Checkpoint: Verify YOUR sum.py
Stop reading. Create a file called test_simple.txt with three numbers: 10, 20, 30. Run your sum.py from Lesson 1 against it. Does it say 60?
You: Create test_simple.txt with 10, 20, 30 on separate lines.
Then run: cat test_simple.txt | python sum.py
Expected output: Total: 60.0
If it says 60 -- your script works for simple integers. Now try edge cases:
You: Test sum.py with these edge cases:
1. Empty file (expected: 0 or 0.0)
2. Single number: just "42.5" (expected: 42.5)
3. File with blank lines mixed in between numbers
If any test fails, you've discovered a bug before it touched real data. Fix it now — Lesson 3 builds on a working sum.py.
Your testing loop works beautifully on clean number lists. But real bank data isn't clean. Open an actual bank statement CSV and you'll find merchant names with commas inside them, dollar signs mixed into amounts, and header rows that aren't numbers at all. Your carefully tested sum.py is about to meet the real world — and the real world cheats. (And somewhere in that data, "DR PEPPER SNAPPLE" is waiting to be counted as a medical expense. But that's a problem for later.)
Try With AI
Prompt 1: Discover Edge Cases
What edge cases might break a script that sums numbers from stdin?
Think about unusual inputs: empty files, non-numeric lines, very
large numbers, special characters. List cases I should test.
What you're learning: Defensive thinking. The agent anticipates failure modes you haven't considered -- dollar signs in data, overflow on large numbers, Unicode characters. Your verification becomes more thorough than anything you'd design alone.
Prompt 2: Automate Verification
I have 5 test cases for sum.py. Help me write a simple bash script
that runs all tests and reports which passed and which failed. Each
test should compare actual output to expected output.

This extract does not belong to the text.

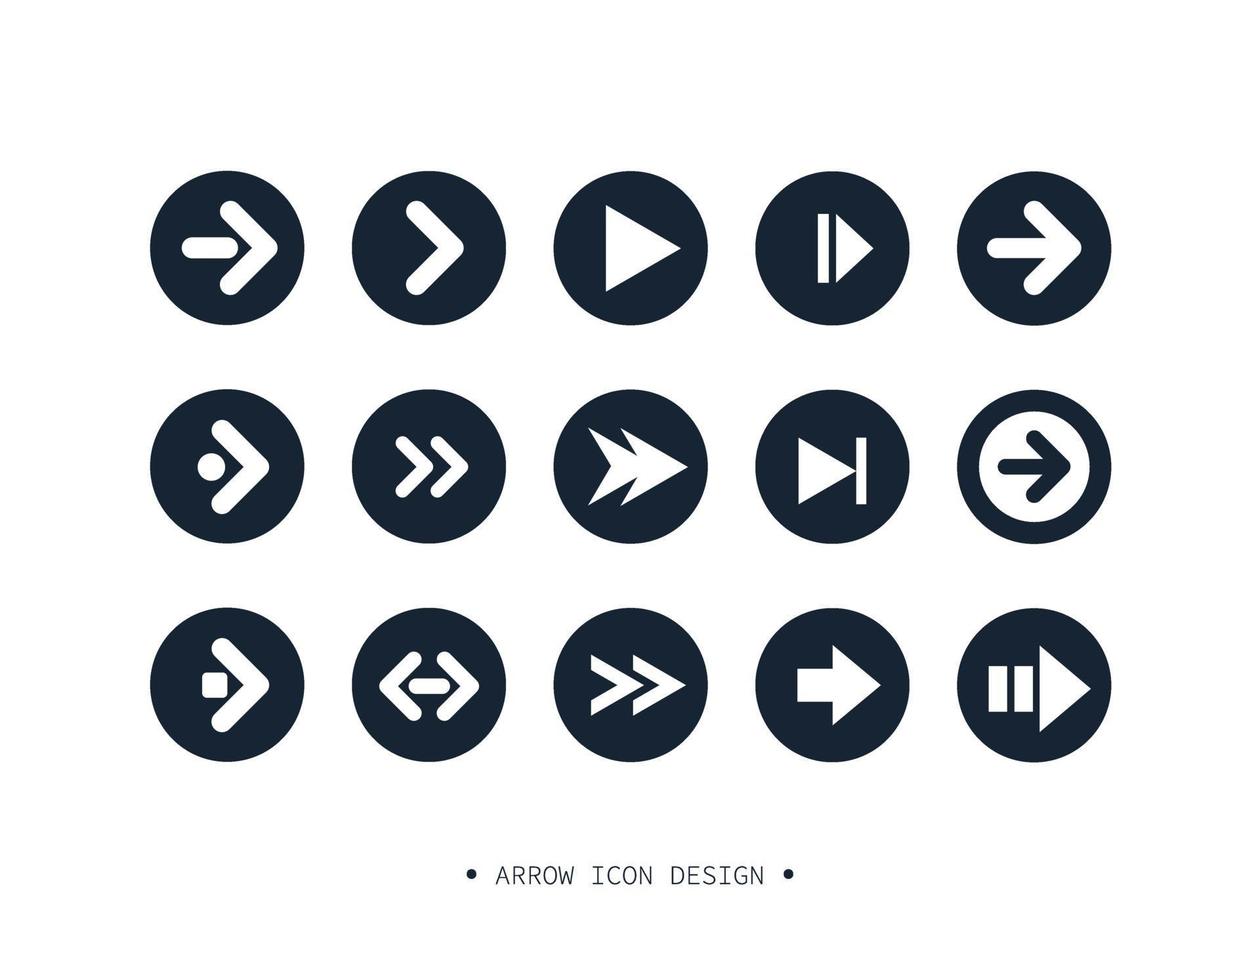 Arrow icon collection design. vector

What you're learning: Test automation. Instead of manually running tests one at a time, you build a script that runs them all and reports results. This is how professionals keep code correct over time.
Prompt 3: Debug a Failure
My sum.py gives wrong output on this test:
- Input: 10, 60, 30
- Expected: 100
- Actual: 40
The script works fine on other inputs. Exit code is 0.
Help me find the bug. What could cause 60 to be skipped?
What you're learning: Root cause analysis through collaboration. You present a specific failure with evidence (expected vs. actual), and the agent helps you reason backward from symptoms to cause. Notice you're teaching the agent what the problem is -- it can't debug without your observation that 60 is being skipped. This is collaborative debugging where both sides contribute something the other can't.